** Raw data follows **

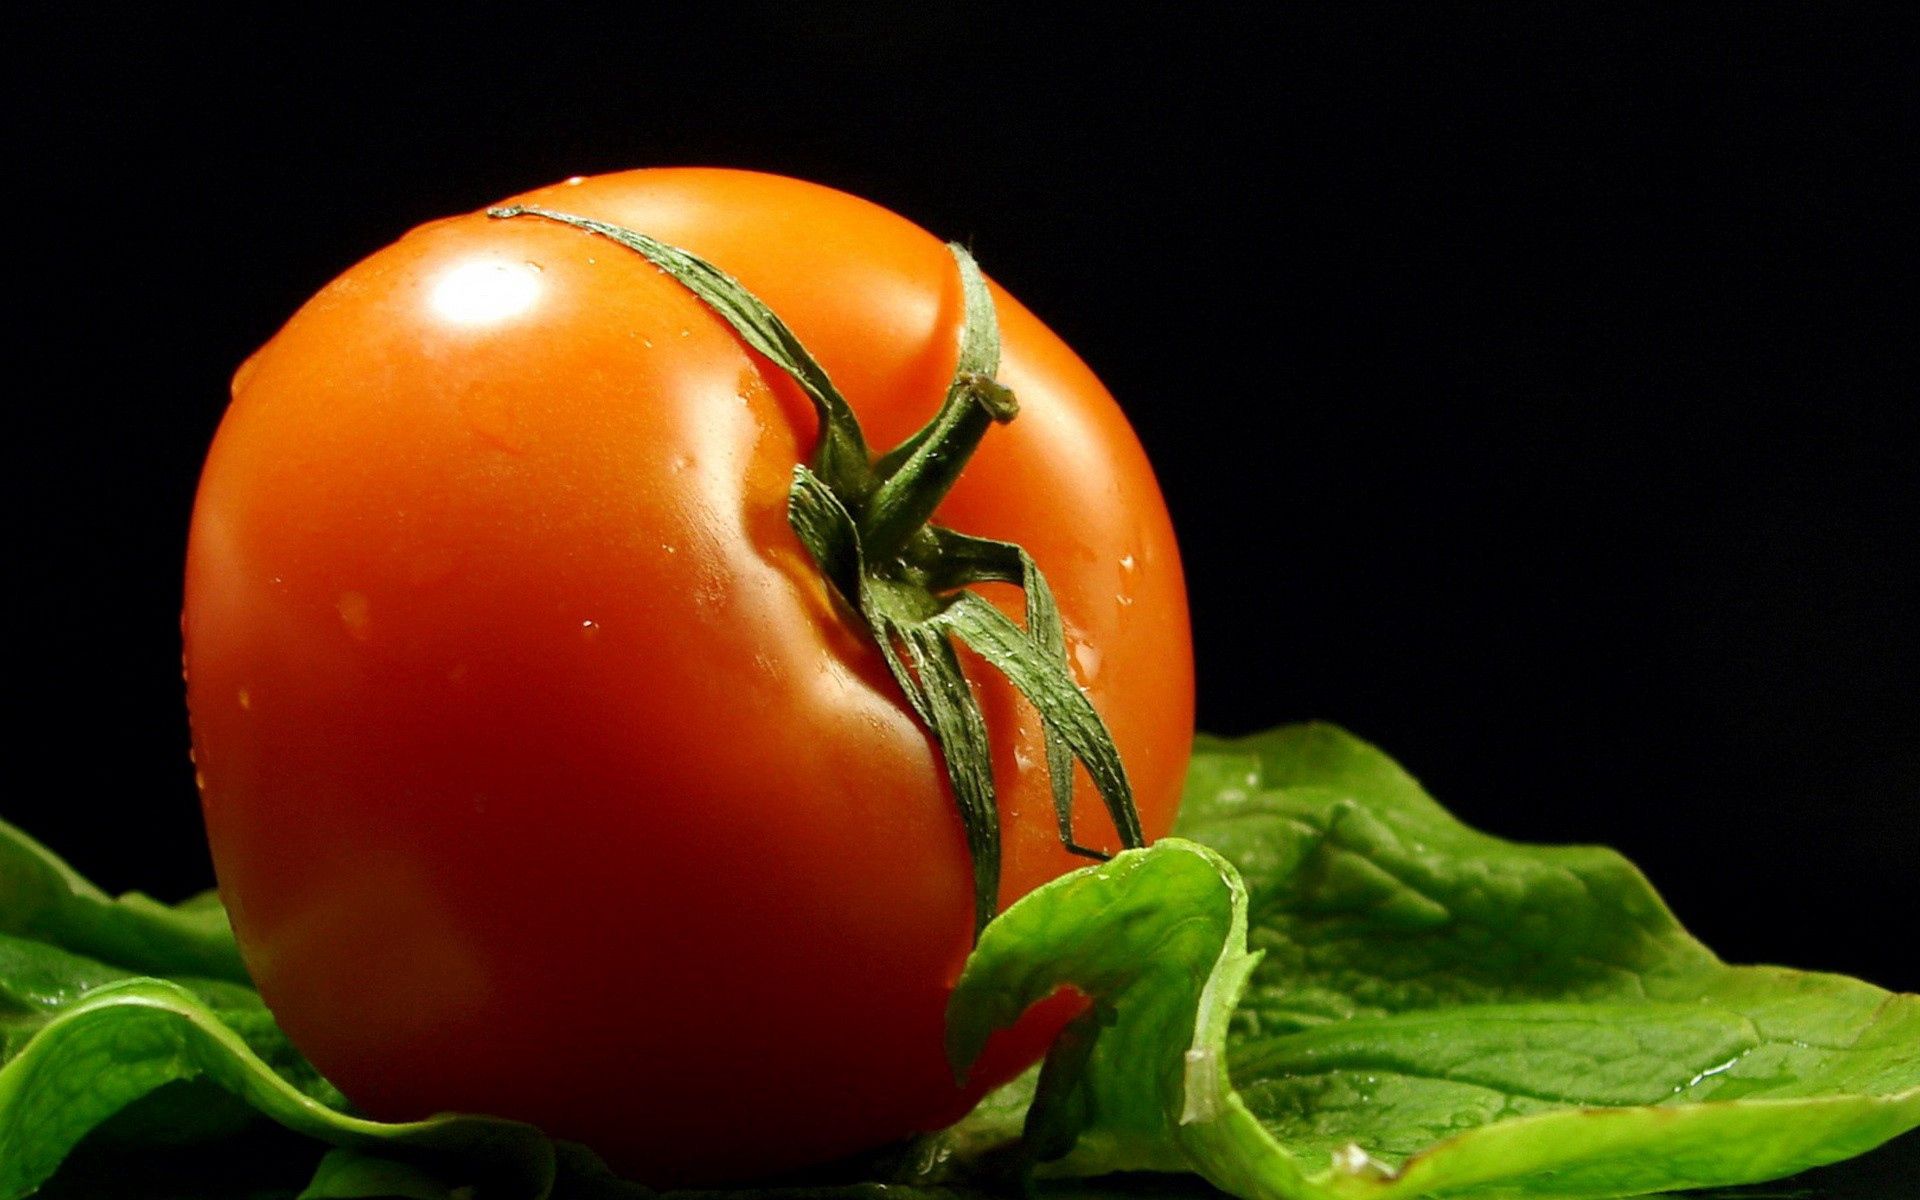 Tomato Widescreen image
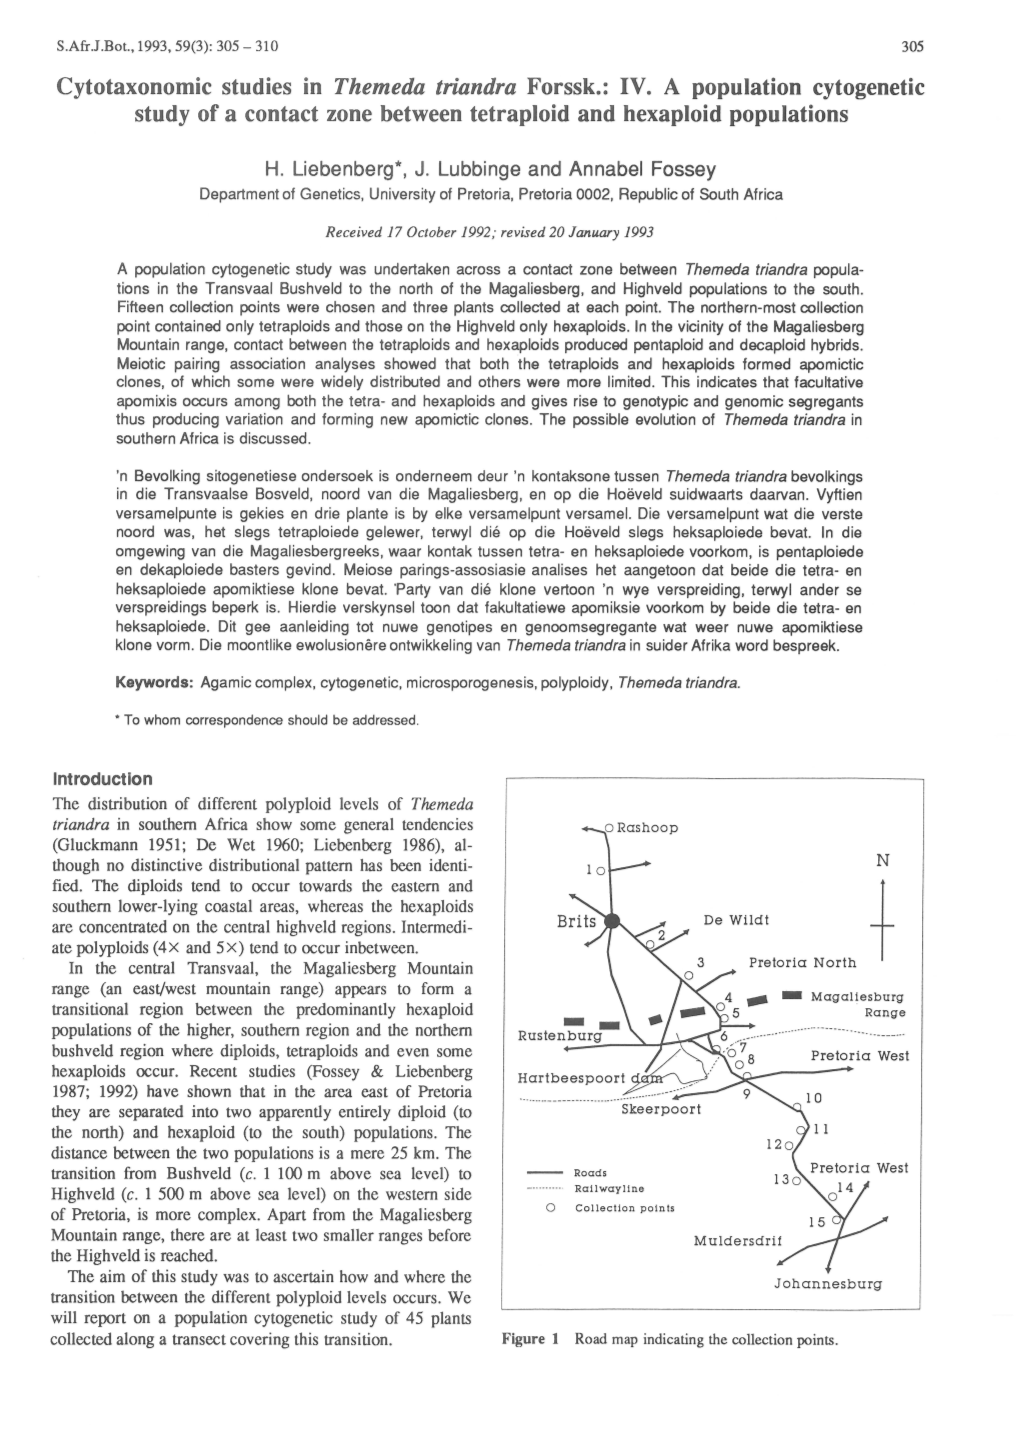 Cytotaxonomic Studies in Themeda Triandra Forssk.: IV
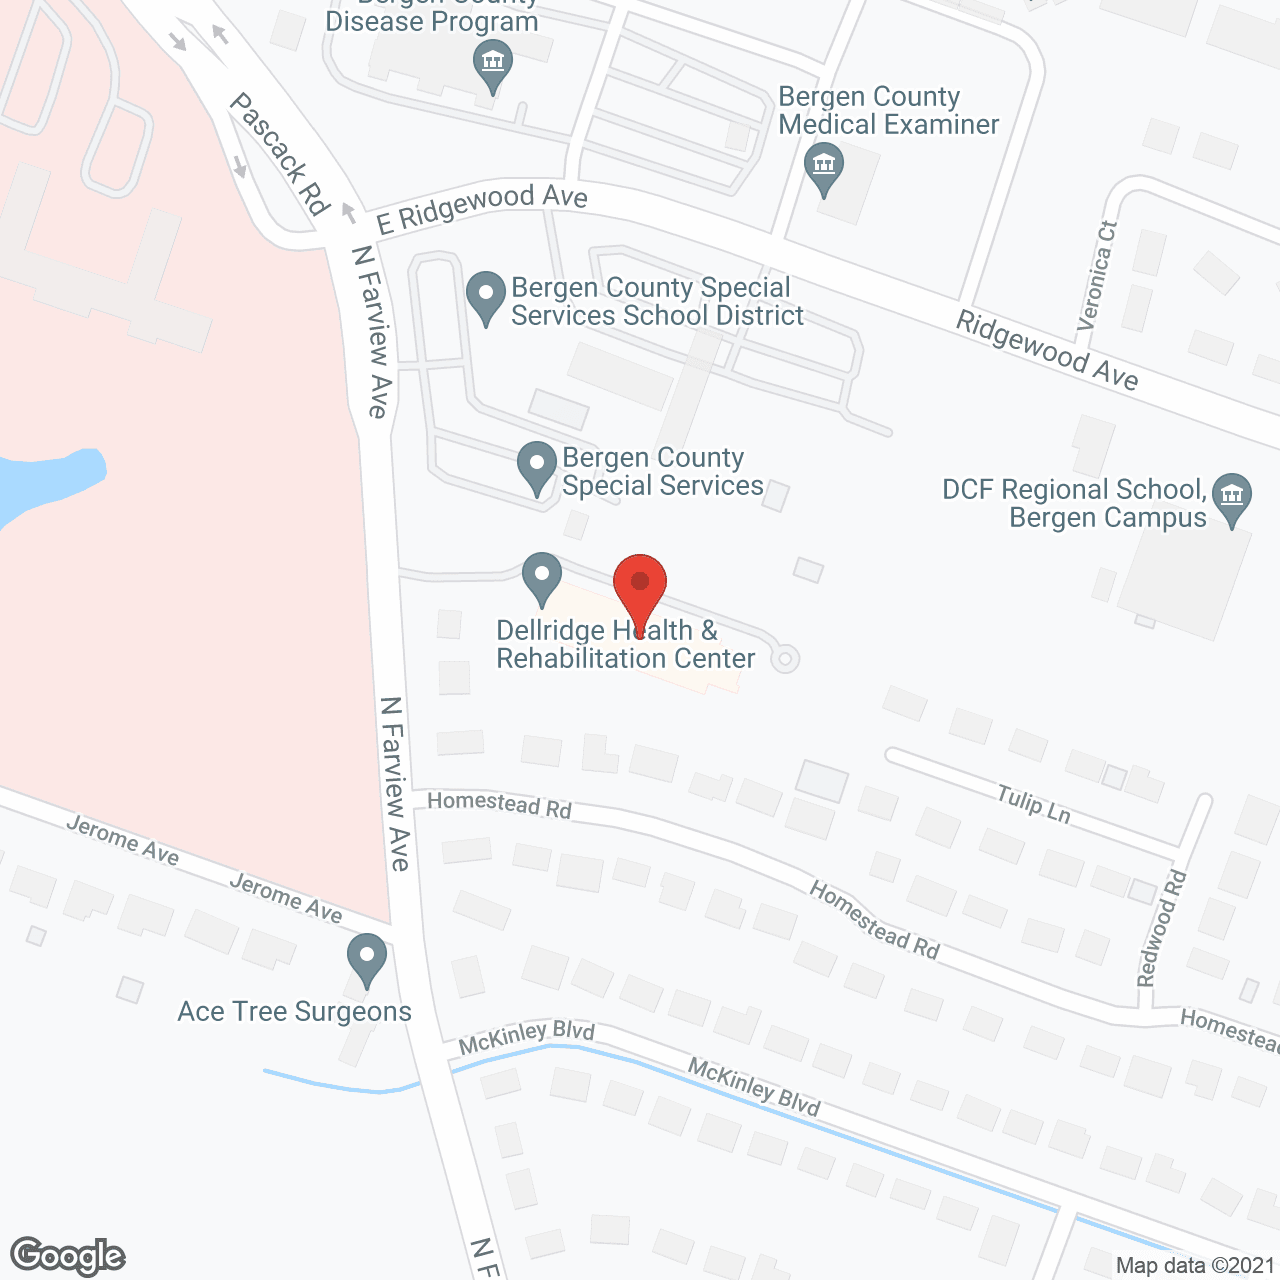 Dellridge Health and Rehabilitation Center in google map

** End of Raw data **

### [Exercise description]
Please output each line above exactly and omit all images.

### [Exercise answer]
 Tomato Widescreen image
 Cytotaxonomic Studies in Themeda Triandra Forssk.: IV
 Dellridge Health and Rehabilitation Center in google map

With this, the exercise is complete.